So the VM start task seems to complete successfully, but the QMP commands at the end of migration run into timeouts. Does the target node also have pve-qemu-kvm: 8.1.5-6?

How does the load on the target server look like? One way to check is with grep '' /proc/pressure/*, the graphs in the node's Summary tab in the UI might also be worth a look.

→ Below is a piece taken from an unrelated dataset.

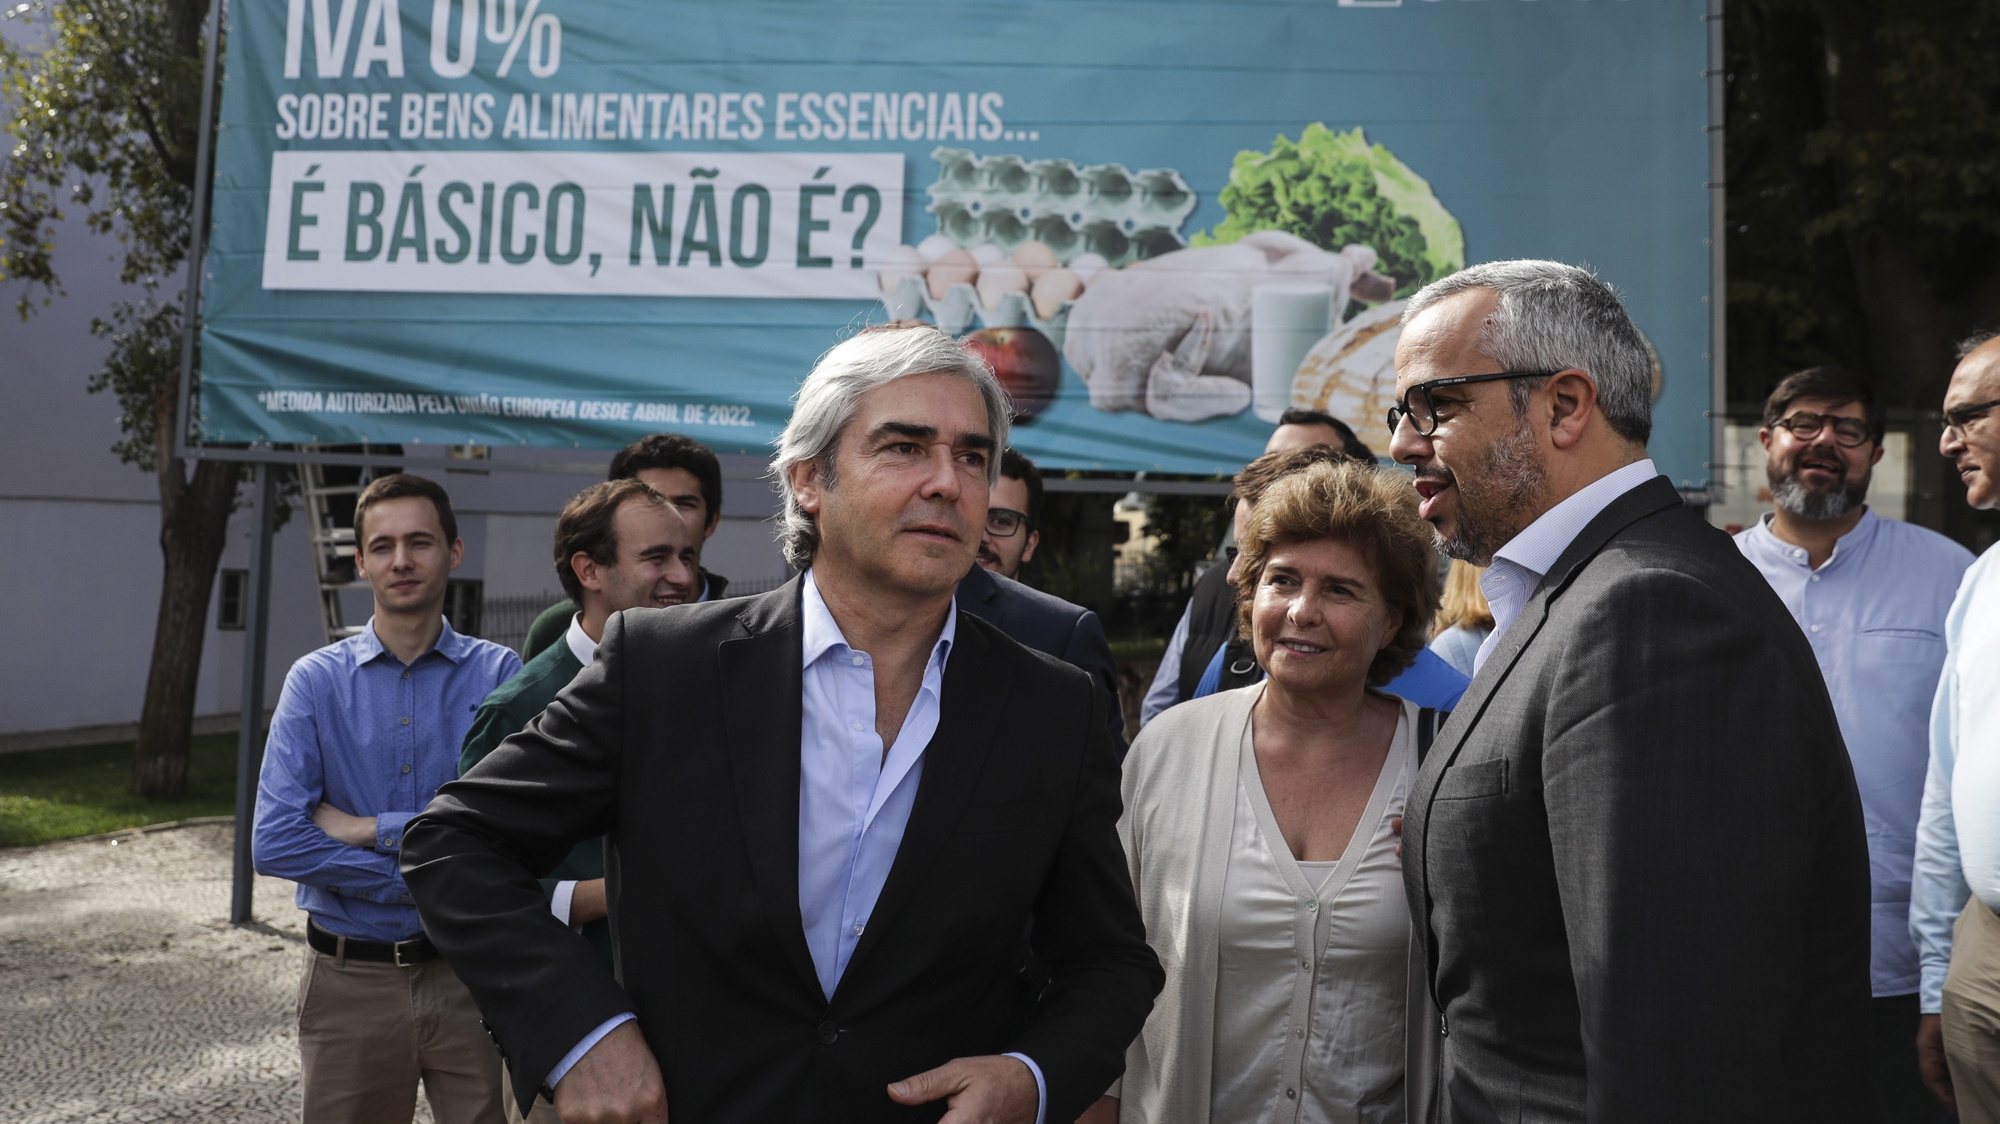 O presidente do CDS, Nuno Melo, assistiu à colocação do primeiro cartaz sobre o OE 2023 em frente à Assembleia da República em Lisboa, 26 de outubro de 2022. TIAGO PETINGA/LUSA

You could try using a bandwidth limit with qm set 106 --migrate_speed 60, maybe that helps. If you trust your migration network, you can also try pvesh set /cluster/options --migration type=insecure or if you have a dedicated network: pvesh set /cluster/options --migration network=A.B.C.D/E,type=insecure with your network

effeeue05 · Jun 26, 2024

All nodes have the same version: pve-qemu-kvm: 8.1.5-6

Are you asking about the load on the target server during migration or just in general? I can check both but was just curious.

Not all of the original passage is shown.